The Japanese are doing an amazing job on recycling!

http://uk.reuters.com/article/2008/04/27/uk-japan-metals-recycling-idUKT13528020080427

http://inventorspot.com/articles/cell_phone_recycling_dropboxes_gold_ntt_5392


----------



## kadriver (Dec 7, 2011)

You make your profit when you buy.


----------



## jimdoc (Dec 7, 2011)

kadriver said:


> You make your profit when you buy.



Only if you do it right.

Jim


----------



## swainmarshall (Jan 20, 2012)

You can not easy to earn profit. You can make a profit in business first of starting with planing , sources of fund and finance , decide location of business , how to arrange manpower, which method use in production, market analysis.Than process are continue with best management. So i have said not anyone actually made a profit


----------



## kuma (Jan 22, 2012)

Hello , 
How are things?
I hope your well! 



swainmarshall said:


> You can not easy to earn profit. You can make a profit in business first of starting with planing , sources of fund and finance , decide location of business , how to arrange manpower, which method use in production, market analysis.Than process are continue with best management. So i have said not anyone actually made a profit



I believe that a lot of us , if not the majority of us who collect and recycle electronics , manage to pick up our materials for free , and in some cases even get paid for collecting these materials. 
Aswell as any precious metals that are recovered , there are also quanitites of other materials that have scrap value such as copper , aluminium , stainless steel , and even plastics if sold in quantity , and it does soon build up.
There is also some proffit to be made by reselling working parts on ebay , such as sound cards , video cards , and even collectable chips , ect.
If this is something that one does just as a hobby , which again I believe could well probably the majority of us , there is no need for extra manpower ( except maybe in the case of larger pick-ups ) , and any market reasearch required would be limited to phoning around to get the best prices on your scrap and maybe calling into computer repair shops and placing local 'ads in your search for free scrap electronics.
As others have said , it all depends on how much you value your time , and of course you would need to factor in the cost of fuel.
For me it has been profitable , and I didn't set out to make any money at all , just shiney buttons! 
Every penny that I have made from selling my _scrap_ has been a cherry on the cake that is my learning experience on this wonderful forum.
In an nutshell , it doesn't require rocket science to turn a small profit , even a small profit is profit no matter how you look at it , 8) 
All the best with it chief , and kind regards ,
Chris


----------



## NobleMetalWorks (Mar 26, 2012)

Just sharing my short experience and comments.
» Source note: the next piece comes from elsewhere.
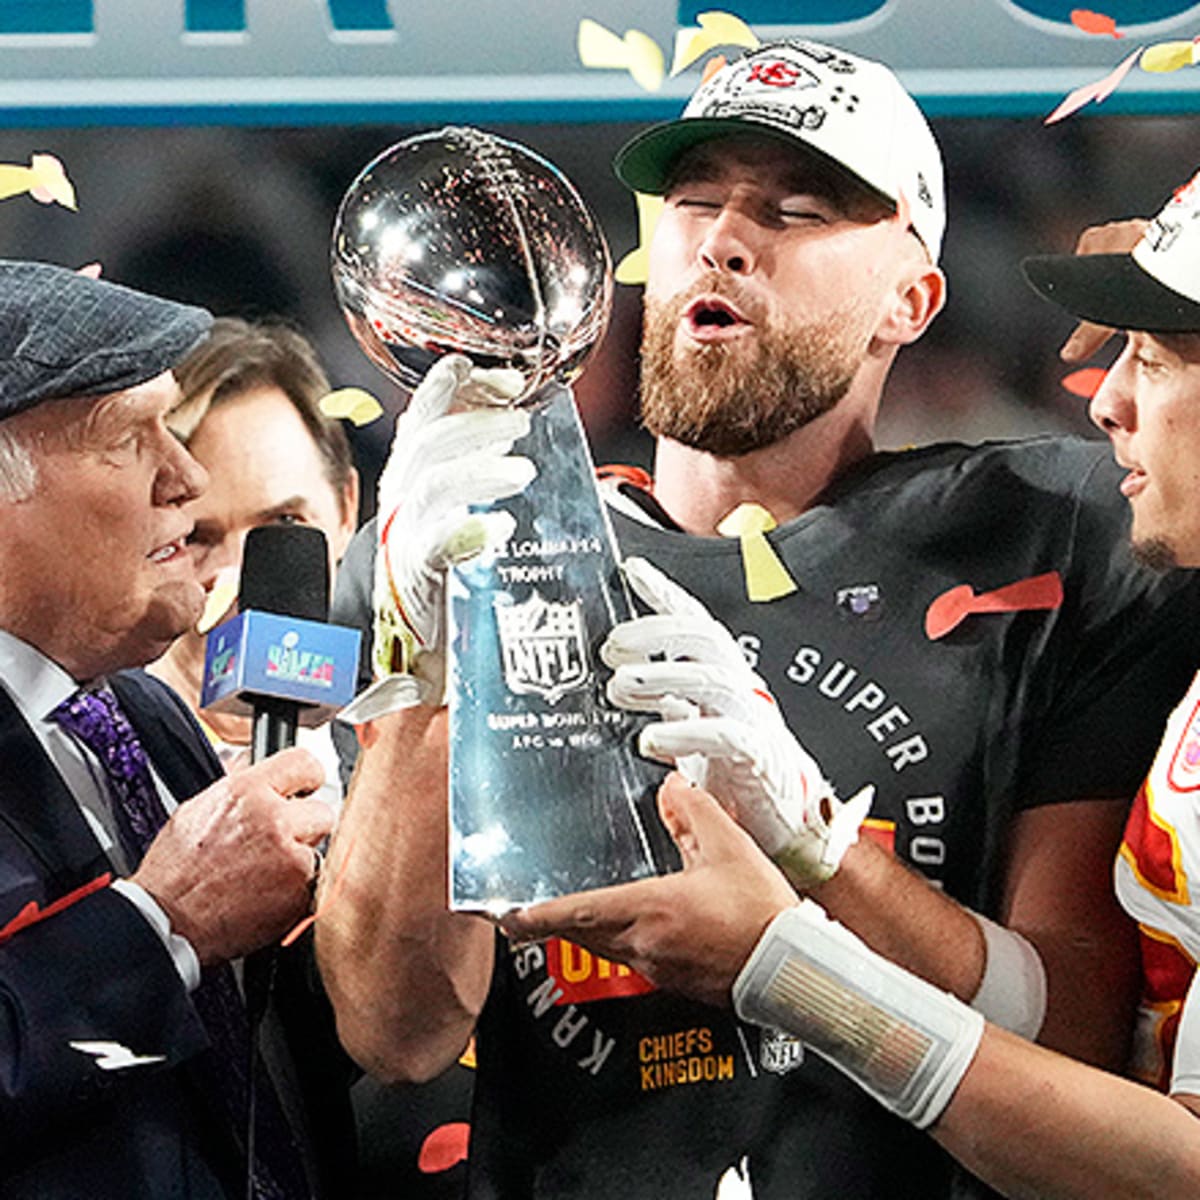 Giants, Jets connections aplenty in Chiefs, Buccaneers Super Bowl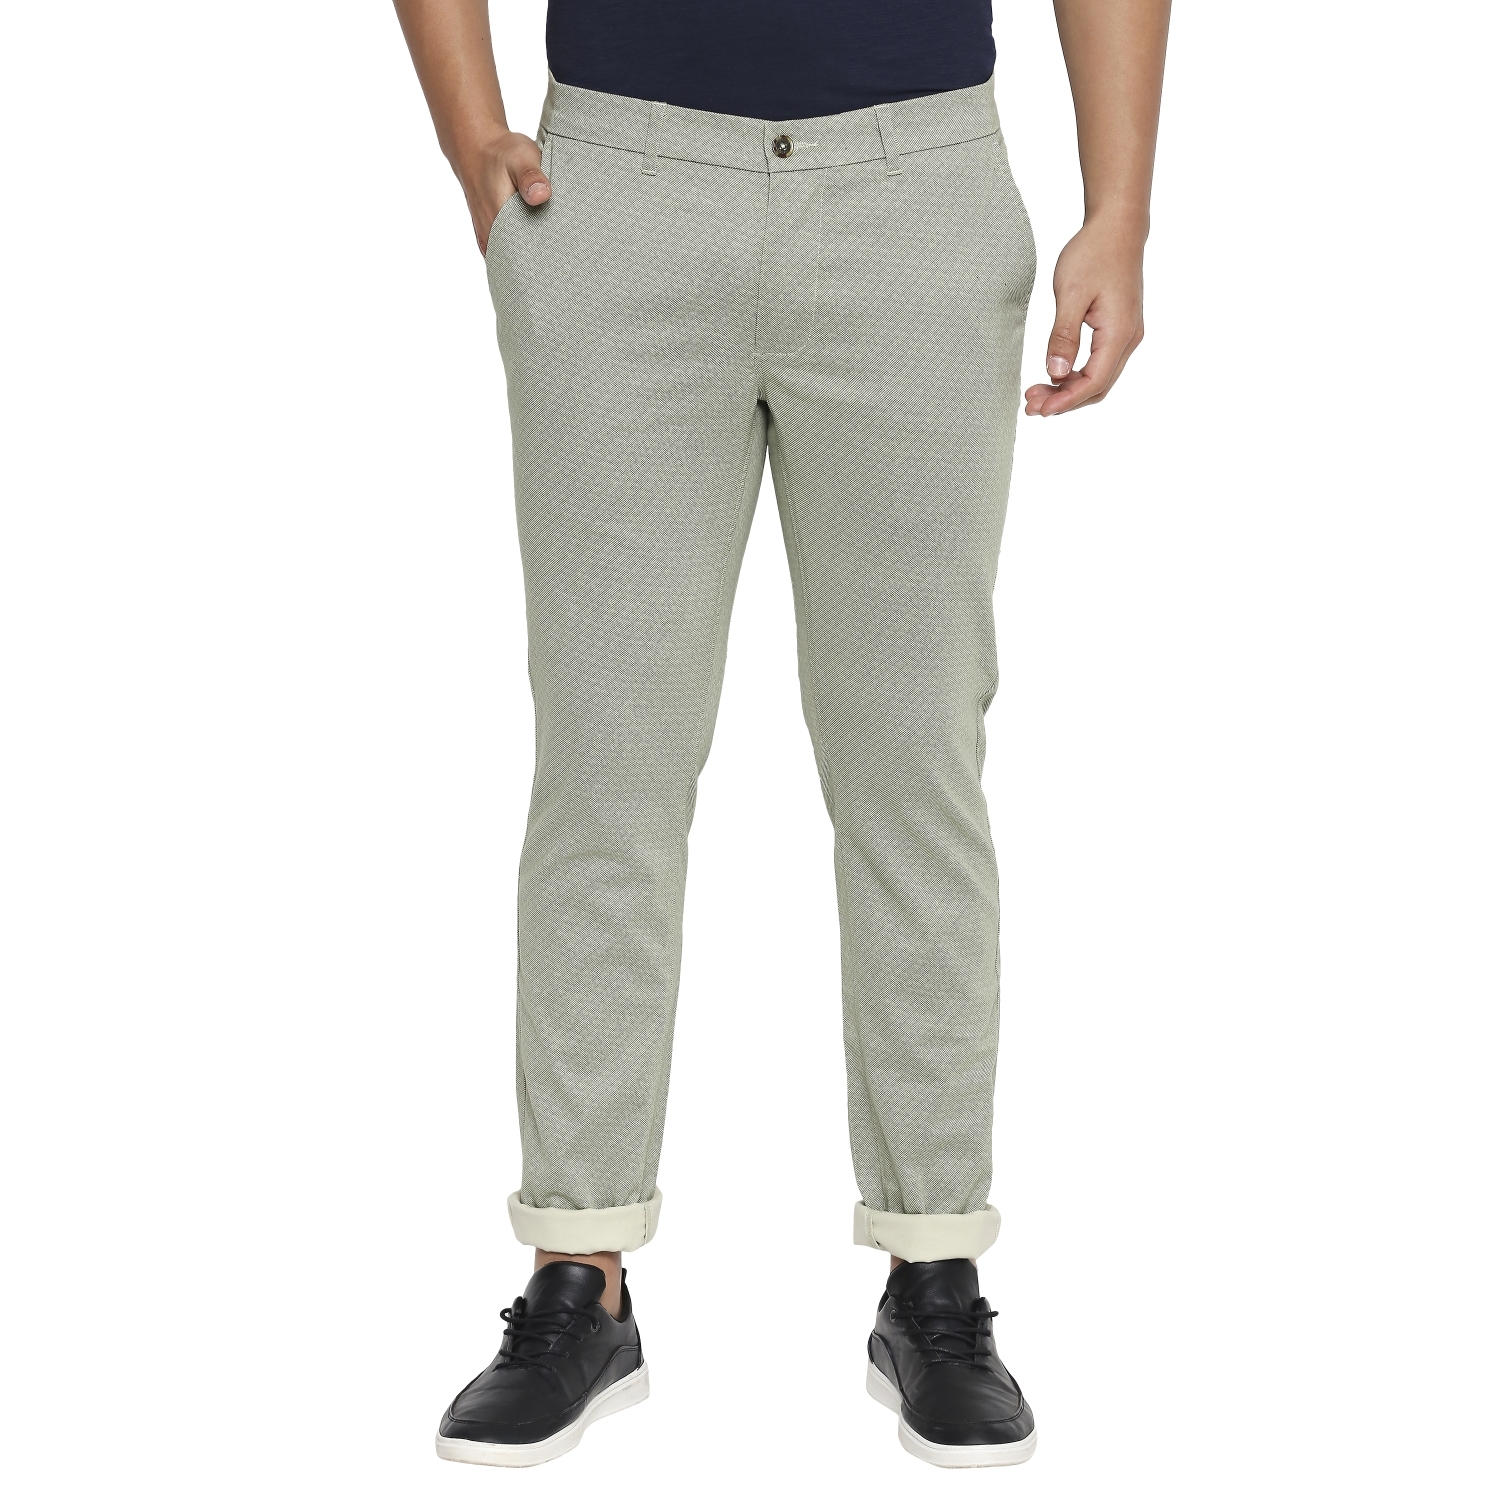 Basics | Basics Tapered Fit Aspen Green Stretch Trouser

I have been lurking on this site for months, I finally joined. I read Hoke, Wise and Ammen, read many many MANY posts, read even more from many different sources all over the internet. I am barely getting started in this but I wanted to add my two cents.

I spent a lot of time reading and learning first, months. Then I researched and found the best equipment for the best price, many of the things I purchased came from eBay and Craigslist, and were used. I slowly collected the items I needed instead of just buying everything new. In short, I took my sweet time. I come from a computer networking background, and a pharmaceutical manufacturing background (I used to make the Nicoderm patch, talk about deadly, one drop of pure nicotine will kill you DEAD). I was fortunate in this, talk about the Theory of Convergence. I did invest a lot, and now I am in the process of building a scrubber/hood that will work for me. 

This is kind of how things went for me.

1. I read, read more, then I read even more, then I re-read a lot of that over again to make sure I understood it. I bought several books (Wise, Hoke, Ammen) I read this forum, I read other material I found on other web sites. I learned about the equipment, lab work, watched videos, and more.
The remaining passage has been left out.